Other genome-based predictive factors for AA/P that have been investigated include copy number variations of CYP17A1 in the serum of patients with mCRPC [35]. These may have contributed to the observed effects but were not evaluated in our study, which investigated germline factors for determining response to treatment. Furthermore, in a small study, germline variation in other signaling pathways such as the SULT1E1 variants described by Agarwal et al. [36] has been shown to have effects on duration of response and warrant validation. The aforementioned factors will need to be evaluated in concert with our findings to gain a better understanding of the different factors affecting response to treatment.
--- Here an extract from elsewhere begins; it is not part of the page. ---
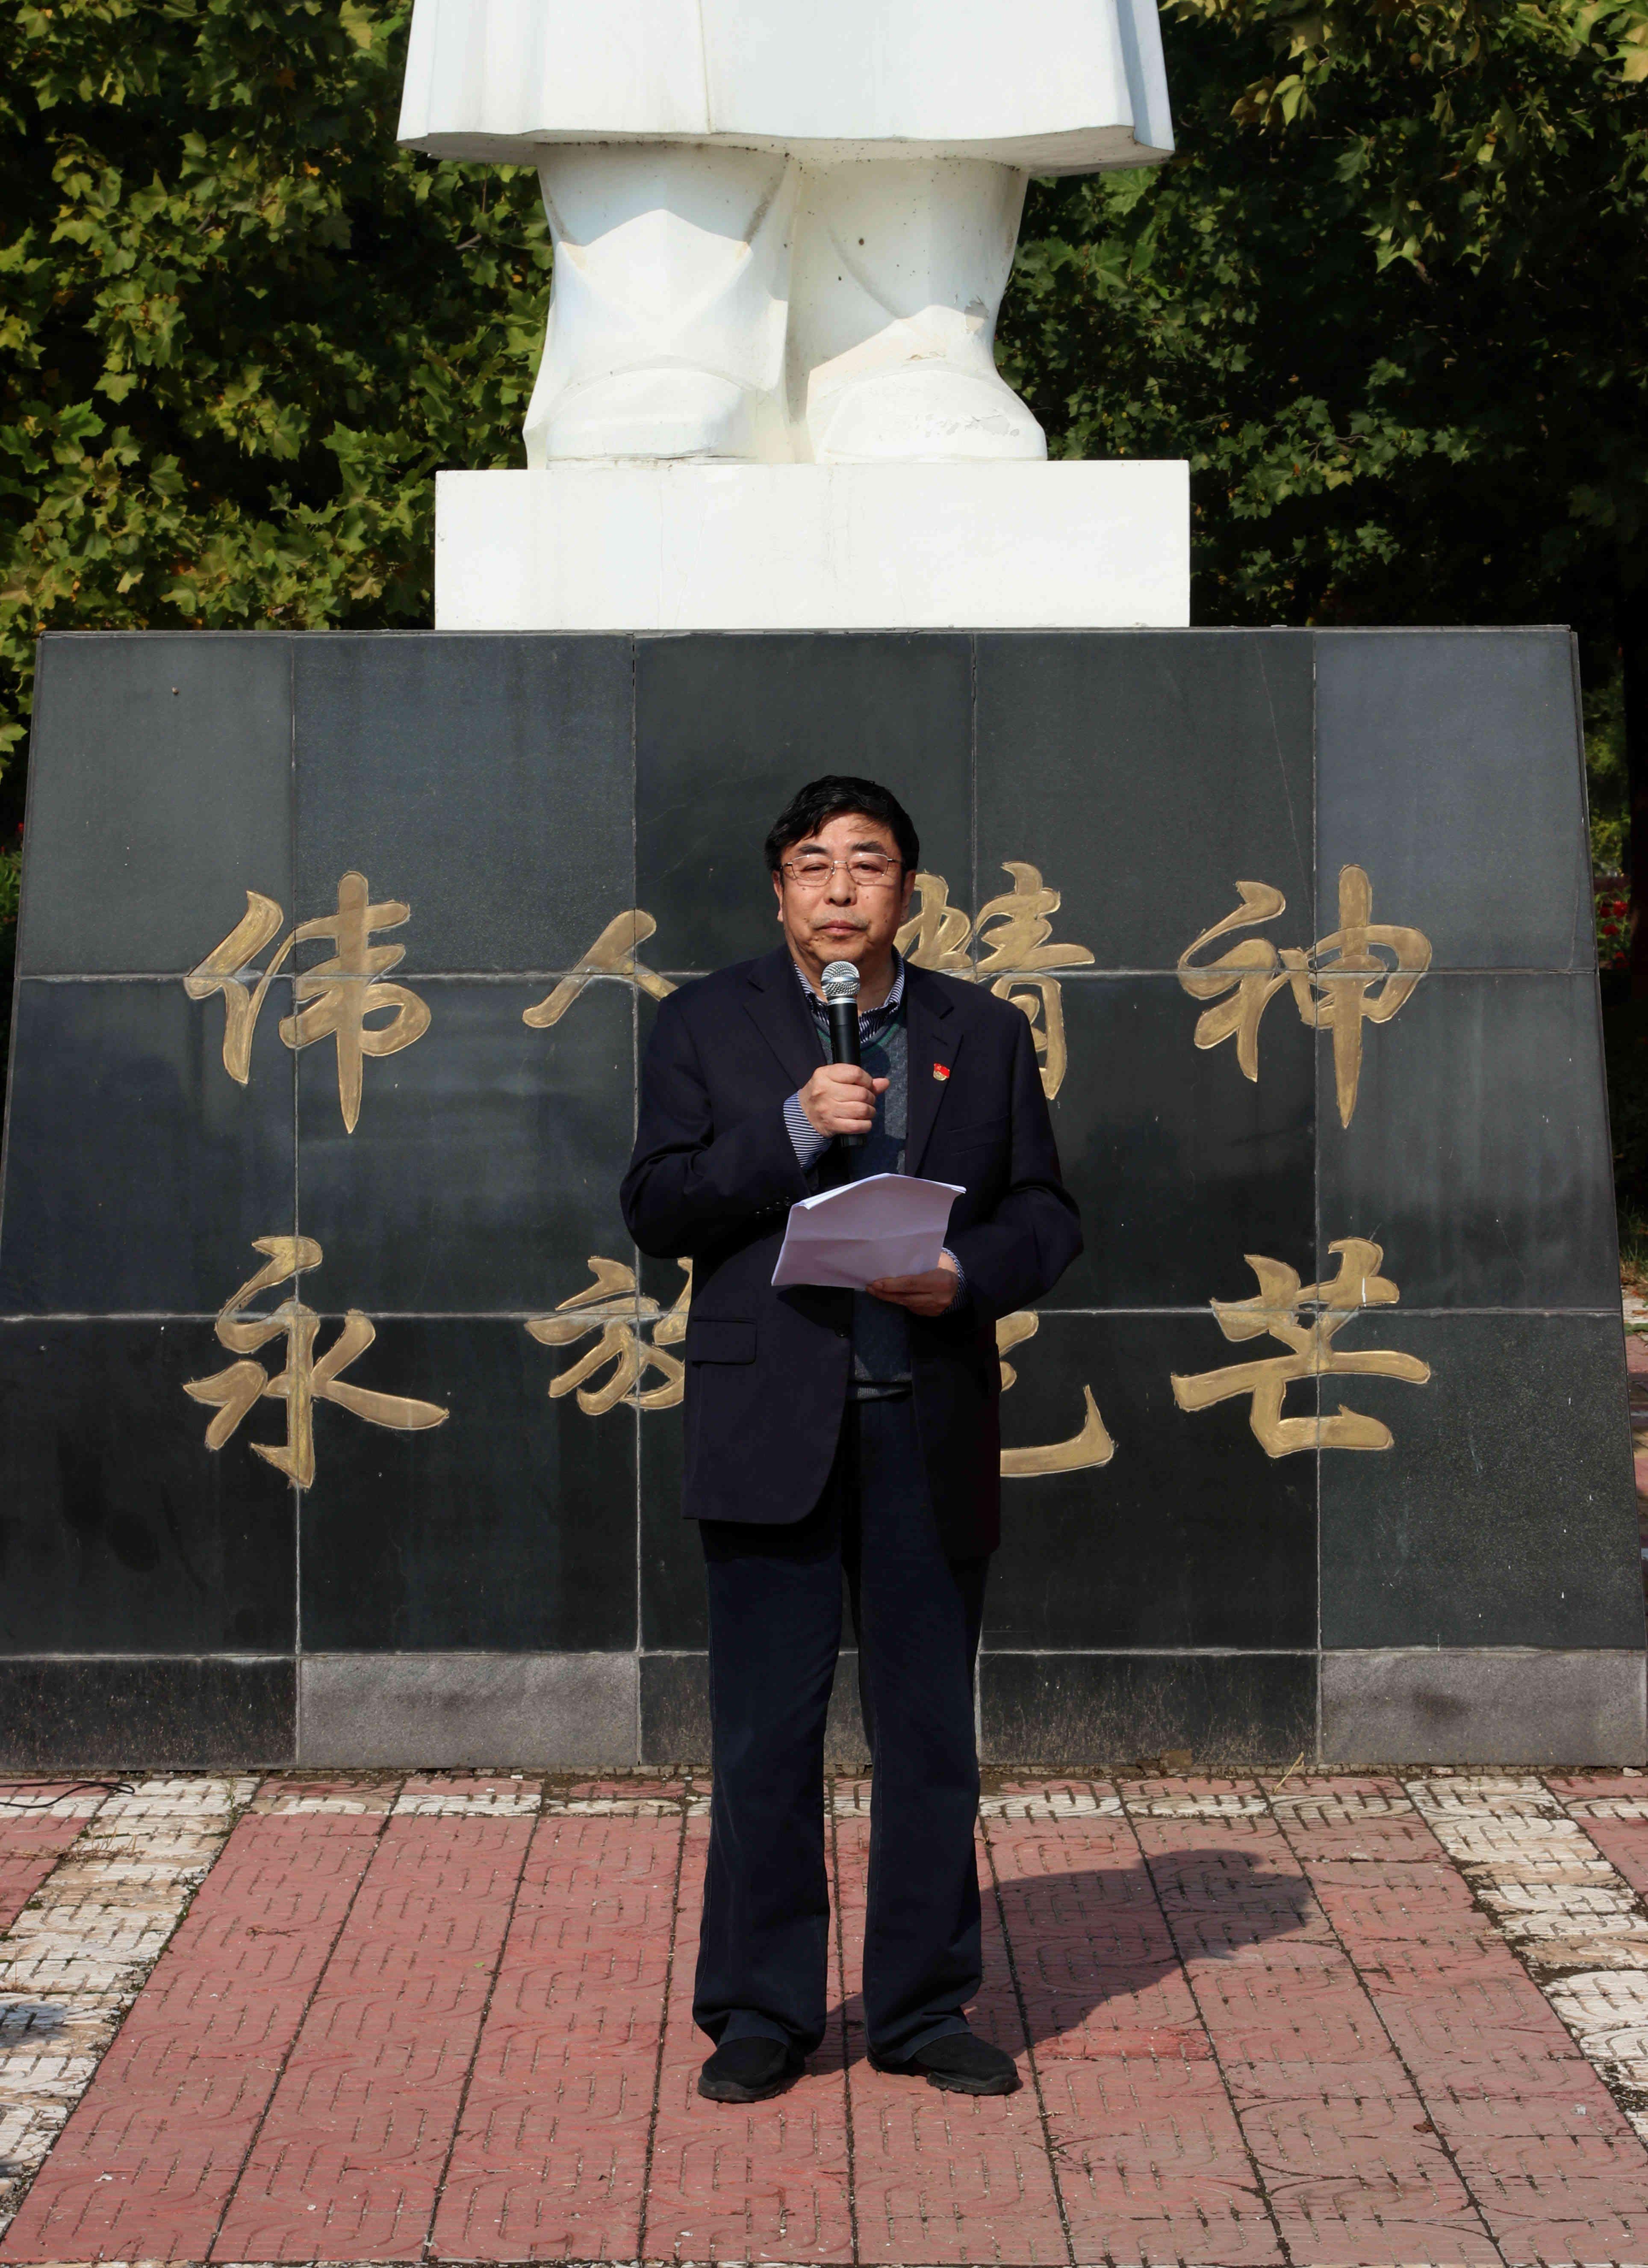 北京经济技术职业学院举行爱国主义教育大讲堂揭牌仪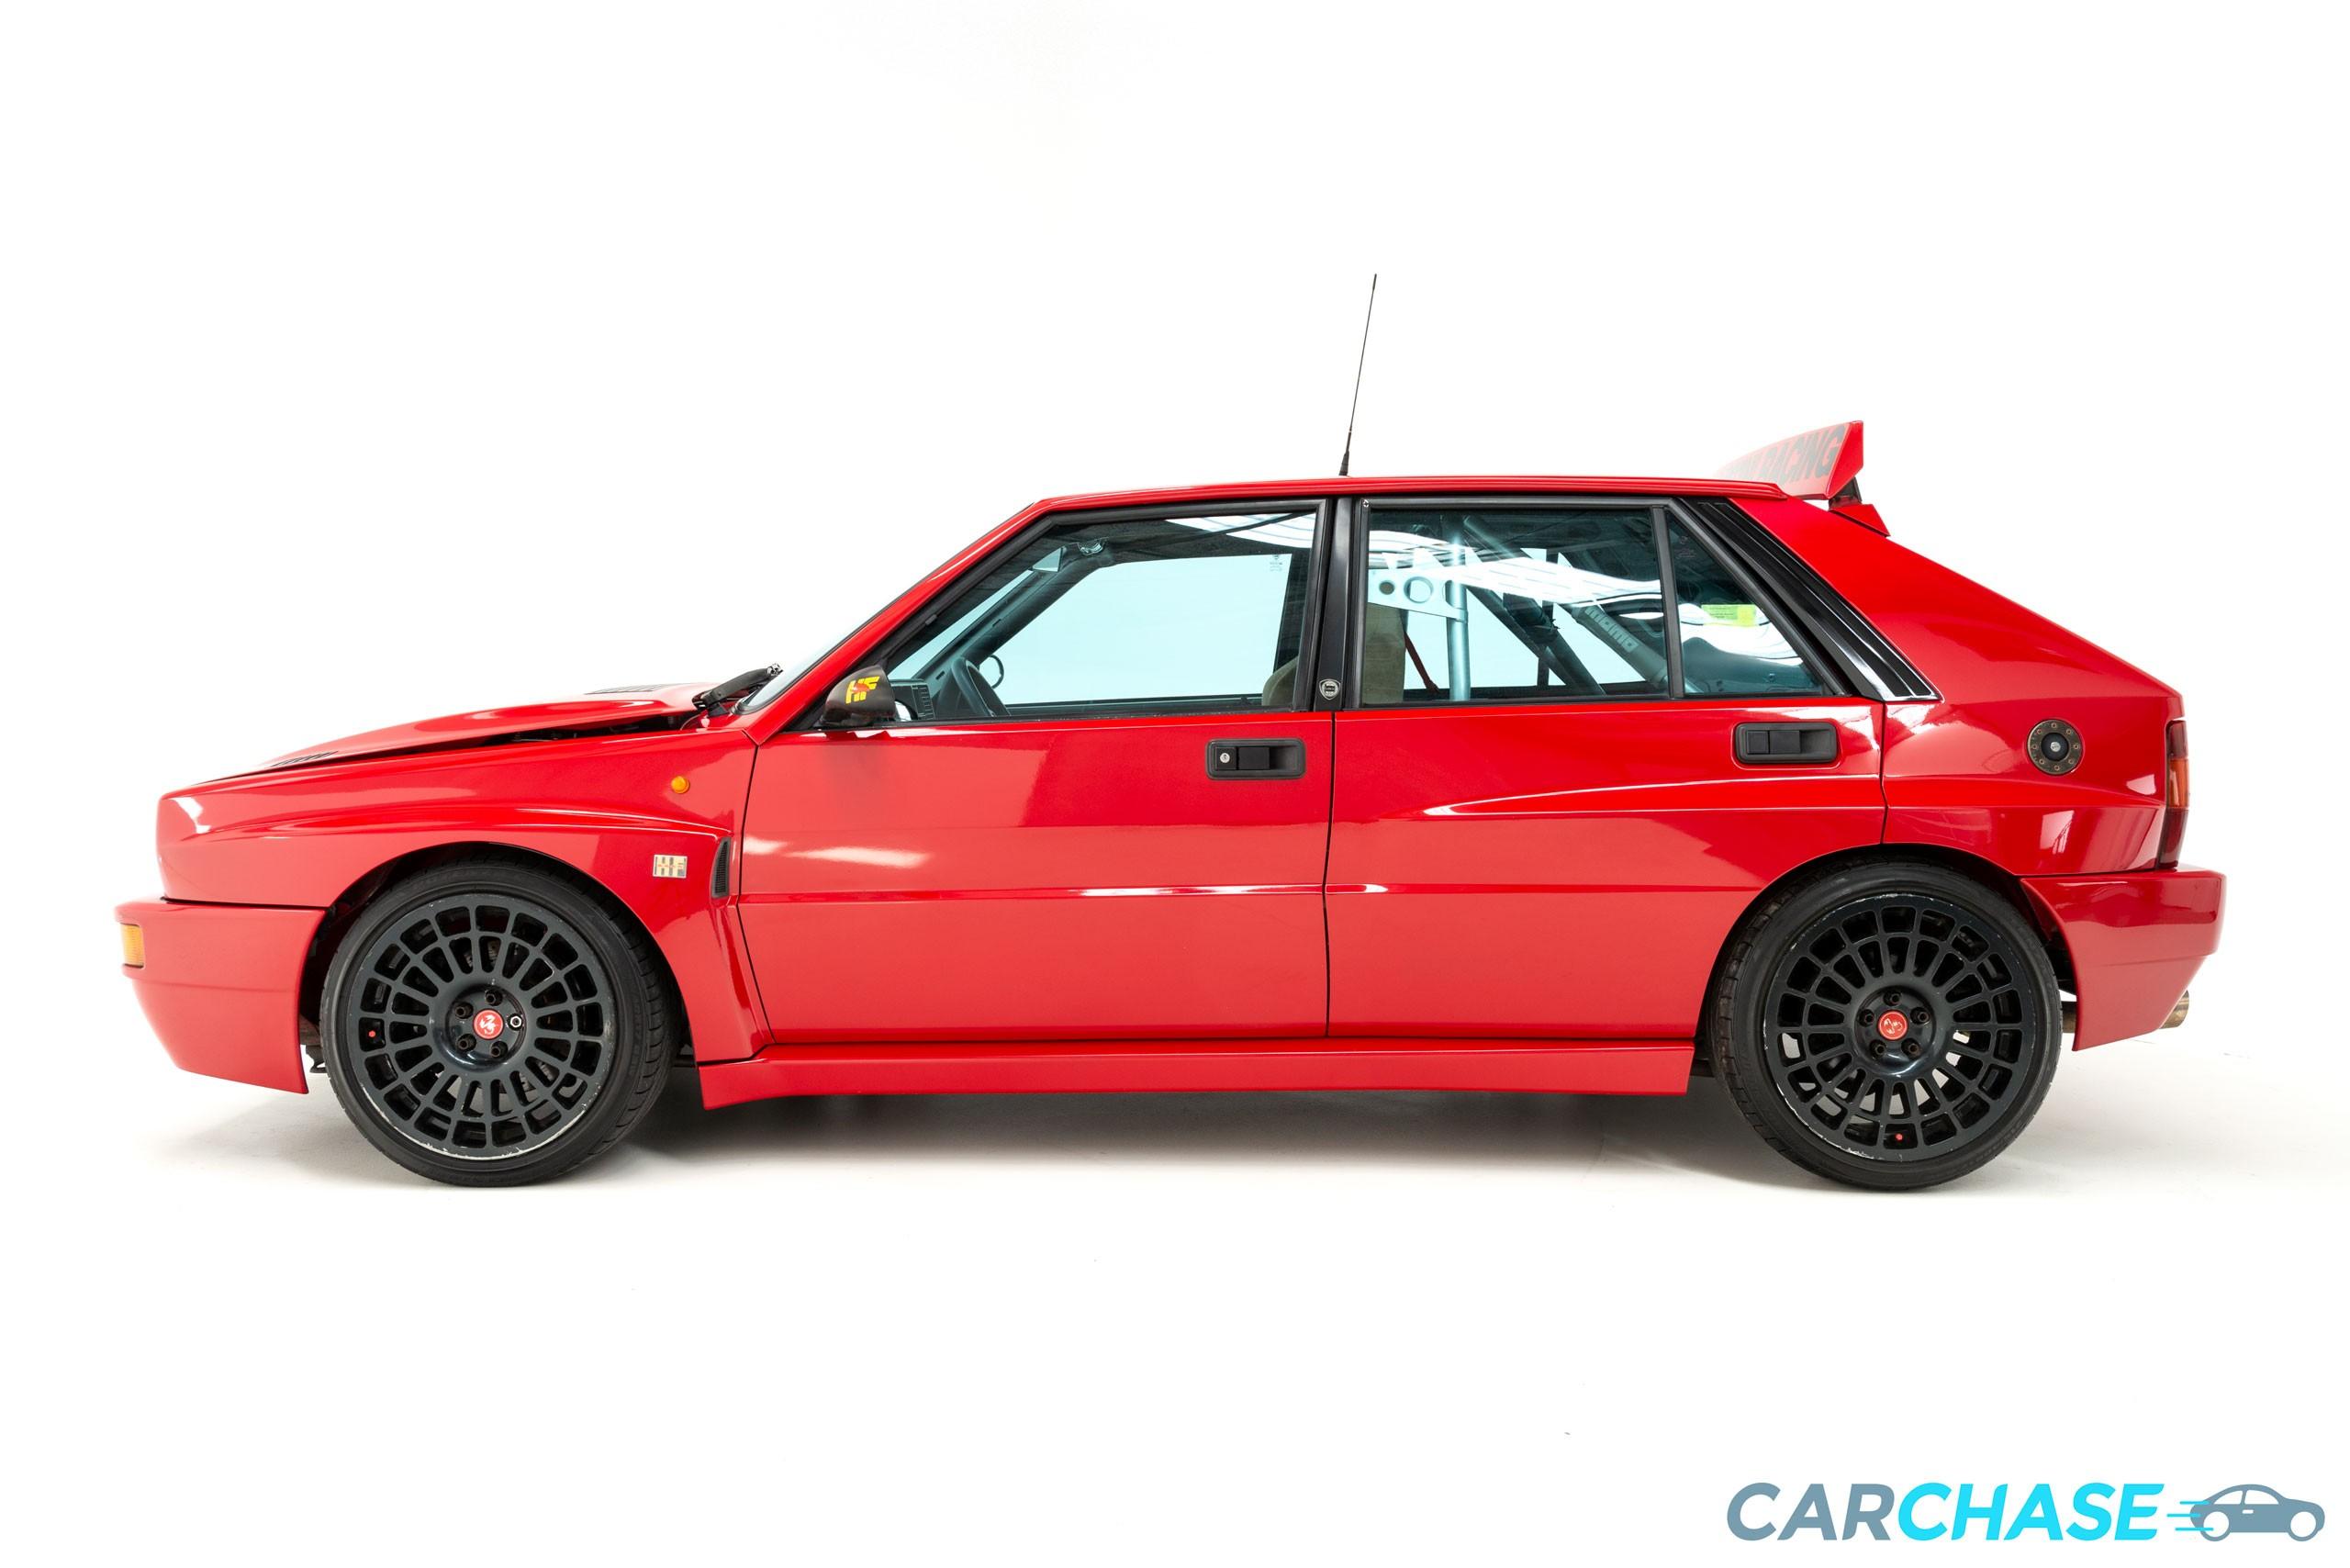 Image of left profile of 1993 Lancia Delta Integrale Evo 2

Mostaghel et al. [29] also demonstrated the induction of ligand-independent androgen receptor (AR) variants in response to AA/P treatment, which is another plausible explanation for disease progression in this setting. Furthermore, differential expression of AR-V7 is another plausible explanation for the difference in observed response rates [37]. The mechanism described by Antonarakis et al. is biologically plausible, although the results have not been validated [38]. The technology to detect AR-V7 expression detection in circulating tumor cells is becoming available for clinical use, but is yet to be adopted in clinical practice.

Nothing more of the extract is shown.